31 de julho de 2025
FAMOSOS

Trend “2026 é o novo 2016” reacende debate sobre excessos na estética e saúde emocional das famosas

Comparações de fotos antigas de Jade Picon, Maisa e Viih Tube levantam críticas sobre harmonização facial; especialistas falam em busca de naturalidade e alertam para impactos psicológicos

Por Redação
Publicado em
Jade Picon, Maisa e Viih Tube - Foto: Instagram/Reprodução

A trend “2026 é o novo 2016”, que viralizou ao resgatar fotos antigas de famosas como Jade Picon, Maisa Silva e Viih Tube, fez muito mais do que provocar nostalgia. A comparação visual reacendeu um debate crítico sobre os excessos de procedimentos estéticos e trouxe à tona reflexões sobre saúde emocional, comunicação pública e pressão por padrões irreais nas redes sociais.

A principal crítica recai sobre as transformações faciais atribuídas à harmonização facial. Para o cirurgião plástico Yuri Moresco, a repercussão sinaliza uma mudança no olhar do público: "A estética caminha para a naturalidade, não para a padronização". Ele e a cirurgiã-dentista Amanda Santos afirmam que os procedimentos continuam populares, mas com uma nova abordagem que prioriza a individualidade e técnicas sutis, evitando a descaracterização.

A especialista em comunicação Jackeline Georgia observa que a exposição ao passado também provoca ajustes no discurso público, levando muitas celebridades a adotarem uma postura mais madura, acessível e menos ensaiada.

Do ponto de vista psicológico, a trend acende um alerta. A psiquiatra Jéssica Martani e a psicóloga Mariane Pires Marchetti explicam que comparações constantes, especialmente em um ambiente de alta exposição como as redes sociais, podem gerar frustração, ansiedade e afetar a autoestima. "O risco aparece quando a comparação se torna uma régua de valor pessoal", destaca Marchetti.

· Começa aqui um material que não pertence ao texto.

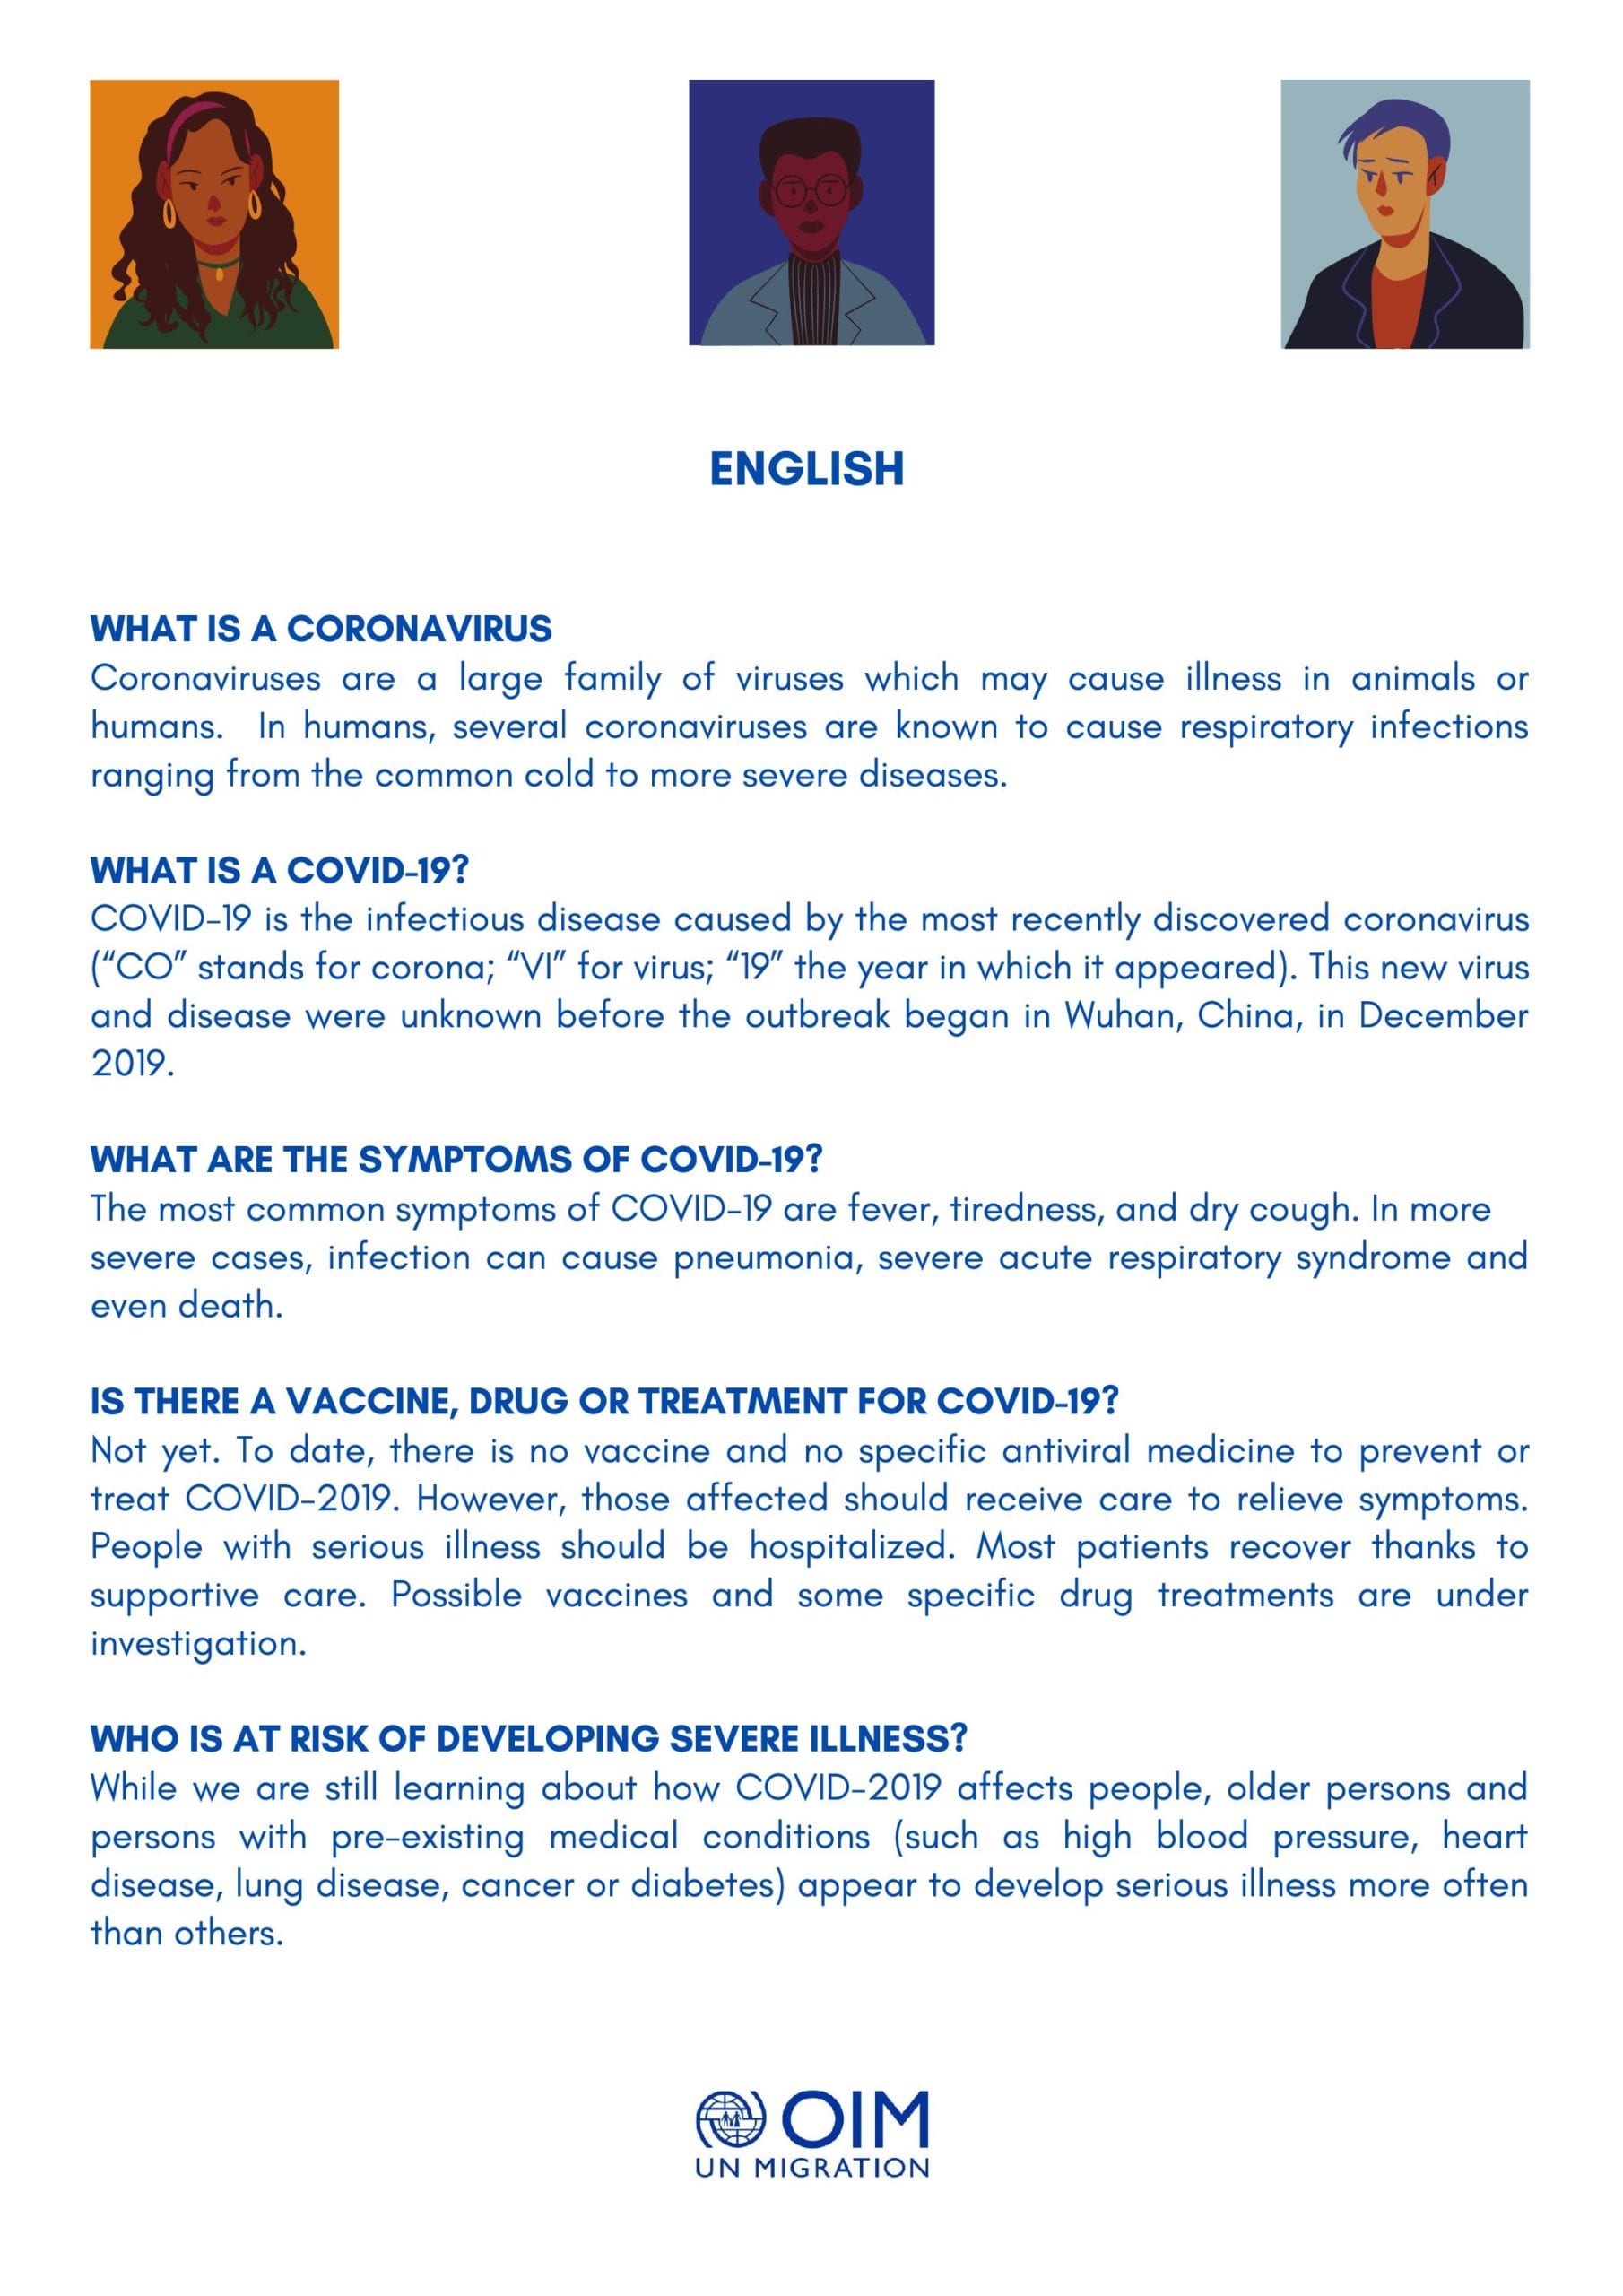 COVID-19 Information Brochure (With Supplementary Audio)

Para os especialistas, a discussão gerada pela trend vai além da estética. Ela reflete uma mudança cultural mais ampla, onde a busca por uma beleza padronizada e exagerada perde espaço para um ideal mais realista e consciente. A exposição excessiva, seja na imagem ou no discurso, está sendo crescentemente questionada por um público mais atento, que valoriza a autenticidade e o equilíbrio entre a transformação e a preservação da identidade.